Sergio Manesio (born 1 July 1994) is a professional footballer who plays as a defensive midfielder or centre-back for FC Romania.

==Career==
Manesio was born in Angola before moving to London, England at the age of six where he played for Tottenham and West Bromwich Albion.
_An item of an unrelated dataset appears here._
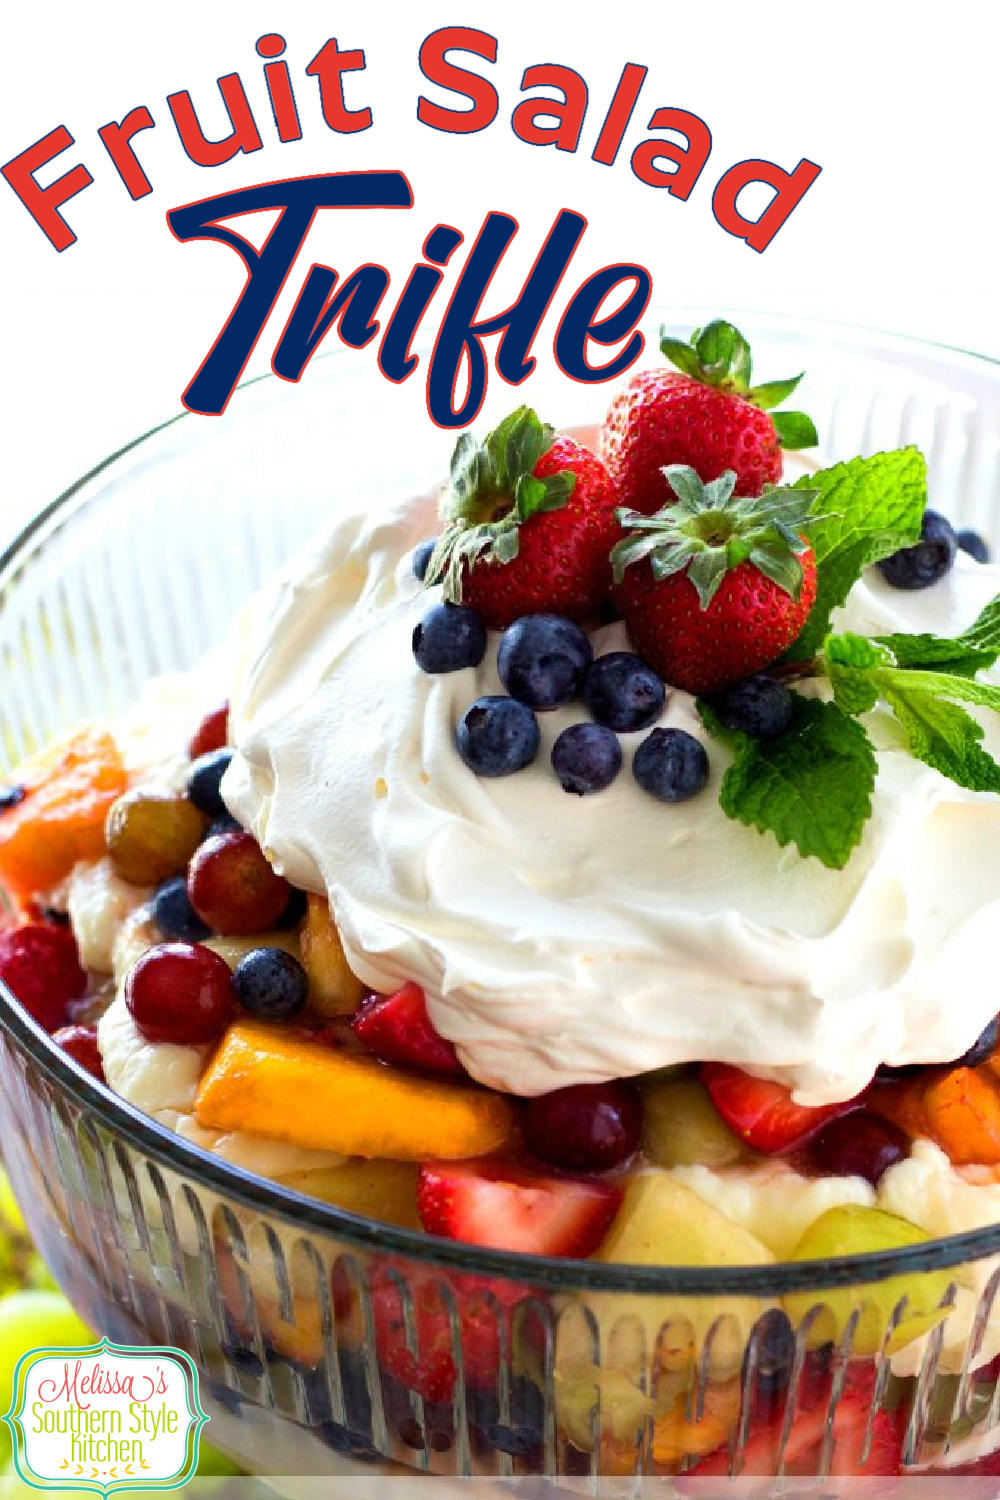 This luscious Fruit Salad Trifle is layered with a luscious cheesecake-like filling #fruitsalad #fruit #mixedfruit #punchbowl #fruitsaladtrifle #fruitsaladrecipes #berrysalad #sweets #desserts #trifles #dessertdoodrecipes #triflerecipes #southernfood #southernrecipes via @melissasssk

He attended Cleveland State University between 2013 and 2016 and played college soccer for the Cleveland State Vikings.

===Ottawa Fury===
In January 2017, Manesio signed with Ottawa Fury FC in the USL. Manesio was named as one of the Fury's two Newcomers of the Year at the end of the season.

In November 2017, Manesio re-signed with Ottawa for the 2018 season.

===Return to England===
Returning to England in 2019, Manesio joined Hampton & Richmond and a few days later, Hendon, on a dual registration. After impressing during pre-season in the summer 2019, he joined Braintree Town. On 30 September 2019 Braintree confirmed, that he had returned to Hendon. Manesio joined FC Romania for the 2020–21 season.